ClinOleic Warnings

Special clinical monitoring is required at the beginning of any intravenous infusion: The infusion must be stopped immediately if any signs or symptoms of an allergic reaction develop.
Patients who require parenteral nutrition are often predisposed to infectious complications due to malnutrition and/or their underlying disease state.
Infection and sepsis may occur as a result of the use of intravenous catheters to administer parenteral formulations, or poor maintenance of catheters and contaminated solutions. Immunosuppression and other factors such as hyperglycemia, malnutrition and/or their underlying disease state may predispose patients to infectious complications.
The occurrence of septic complications can be decreased with heightened emphasis on aseptic technique in catheter placement and maintenance, as well as aseptic technique in the preparation of the nutritional formula.
Careful monitoring of signs, symptoms, and laboratory test results (including fever, chills, leukocytosis, and hyperglycemia), and frequent checks of the access device for technical complications can help recognize early infections.
"Fat overload syndrome" has been reported with similar products. This may be caused by inappropriate administration (e.g., overdose and/or infusion rate higher than recommended, see OVERDOSAGE); however, the signs and symptoms of this syndrome may also occur when the product is administered according to instructions. The reduced or limited ability to metabolize the lipids contained in CLINOLEIC 20% accompanied by prolonged plasma clearance may result in a fat overload syndrome. This syndrome is associated with a sudden deterioration in the patient's clinical condition and is characterized by findings such as fever, anemia, leukopenia, thrombocytopenia, coagulation disorders, hyperlipidemia, liver fatty infiltration (hepatomegaly), deteriorating liver function, and central nervous system manifestations (e.g., coma). The syndrome is usually reversible when the infusion of the lipid emulsion is stopped.
CLINOLEIC is administered as part of a parenteral nutrition regimen. Refeeding severely undernourished patients with parenteral nutrition may result in the refeeding syndrome. The syndrome is characterized by the intracellular shift of potassium, phosphorus, and magnesium as the patient becomes anabolic. Thiamine deficiency and fluid retention may also develop. Careful monitoring and slowly increasing nutrient intakes, while avoiding overfeeding, can prevent these complications.
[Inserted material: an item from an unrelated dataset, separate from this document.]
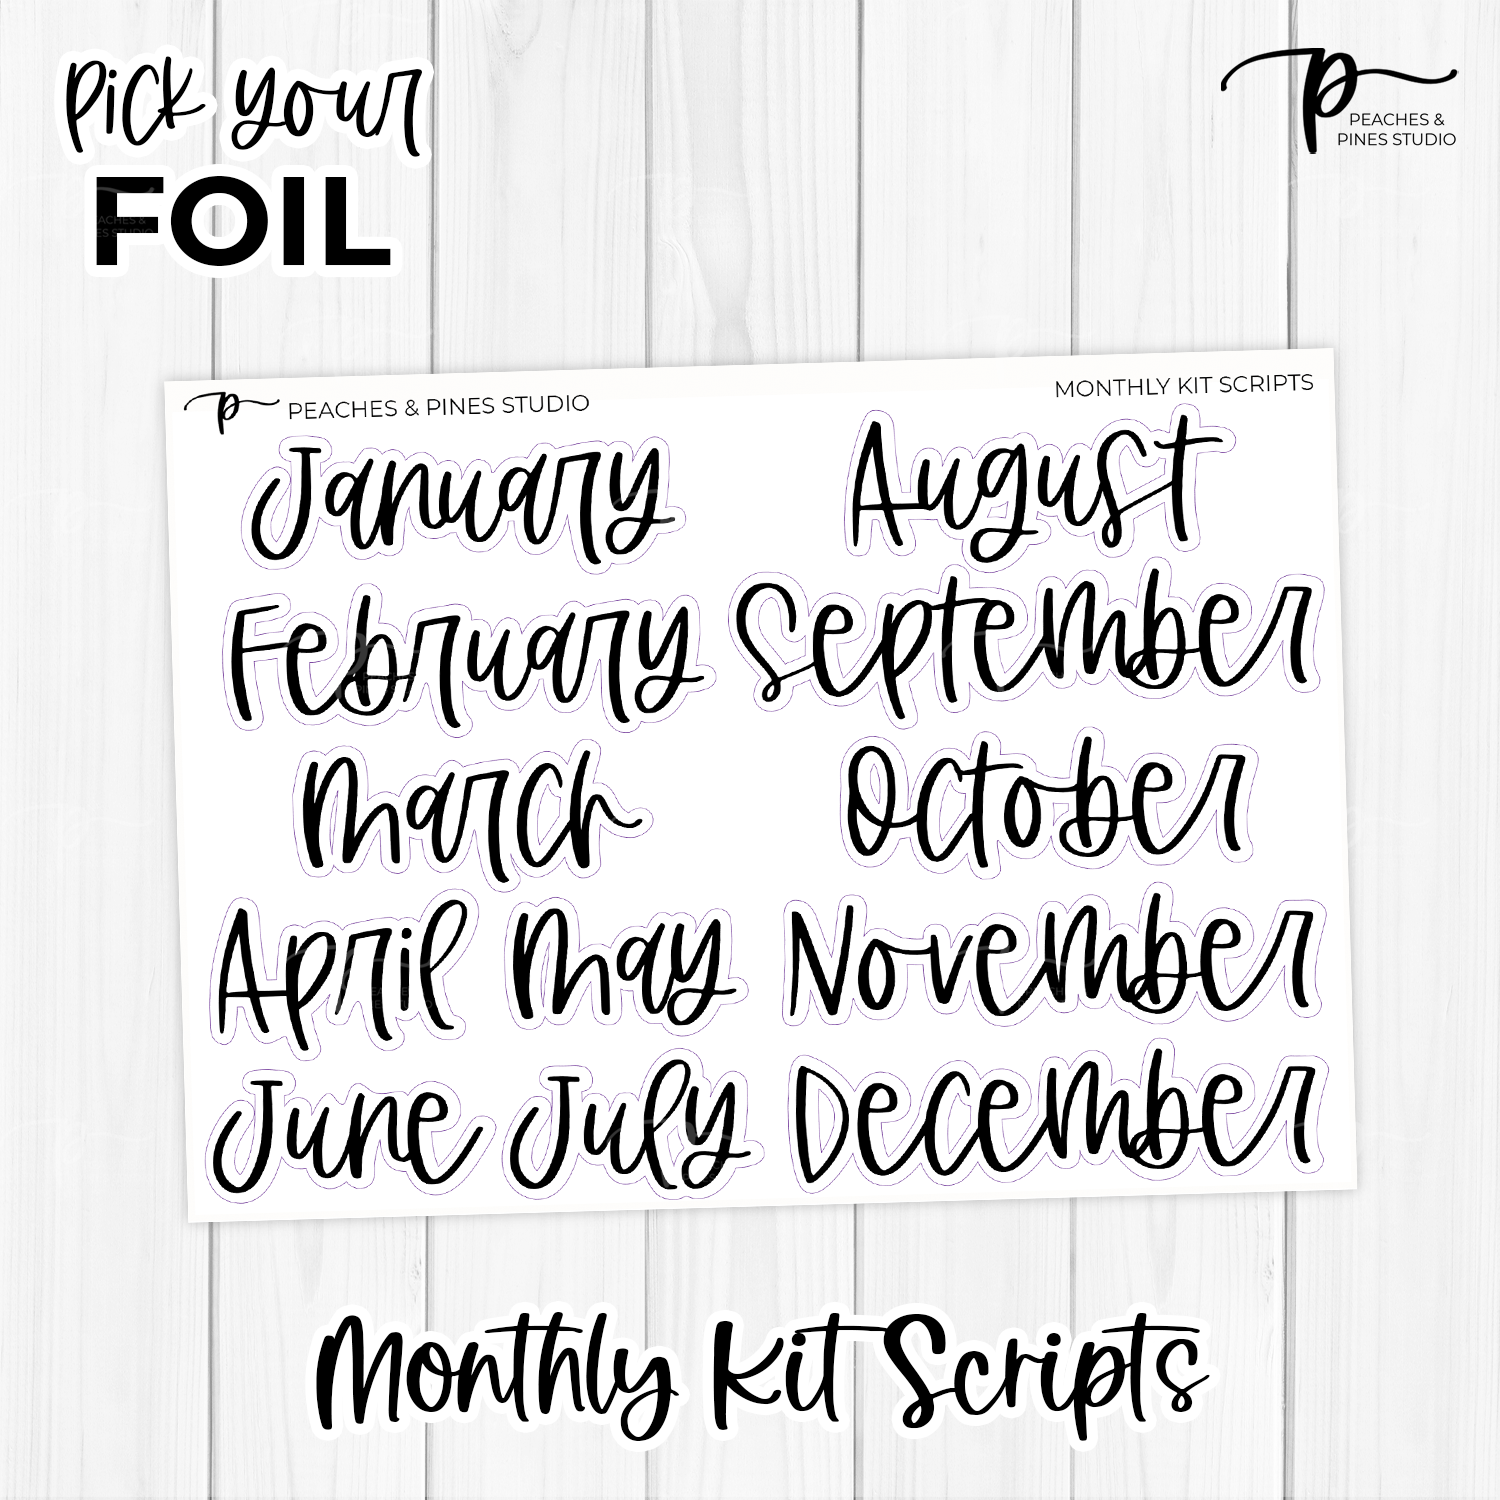 Monthly Kit Scripts - Foiled Scripts

Do not make additions directly to the CLINOLEIC 20% bag.
If CLINOLEIC 20% is mixed with dextrose and/or amino acid solutions, the compatibility should be checked before administration (see INCOMPATIBILITIES and INSTRUCTIONS FOR USE/HANDLING AND DISPOSAL under Cautions for Usage). Formation of precipitates could result in vascular occlusion.
Plasma triglyceride levels and clearance should be monitored daily. The triglyceride concentration in serum under infusion should not exceed 3 mmol/l. Infusion should only be started when serum triglyceride levels have returned to baseline level.
During short-term or long-term intravenous nutrition, alkaline phosphatases and total bilirubin should be checked at regular intervals, depending on the health status of the patient.
Electrolyte or metabolism disorders should be corrected before CLINOLEIC 20% administration.
Fat emulsions should be administered simultaneously with carbohydrates and amino acids to avoid occurrence of metabolic acidosis.
The blood sugar, the acid-base balance, electrolytes, and the blood count must be checked at regular intervals.
As for any parenteral infusion, particular attention should be given on water balance, especially in patients with acute oliguria or anuria.
As other lipid emulsions, CLINOLEIC 20% should be used in extremely premature and/or very low birth-weight infant under the close supervision of a neonatologist. There is clinical experience for CLINOLEIC 20% infusion time, up to 7 days in neonates and up to 2 months in children.
CLINOLEIC 20% should be administered with caution in case of neonatal hyperbilirubinemia (total serum bilirubin > 200 umol/l). Total bilirubin levels should be monitored closely.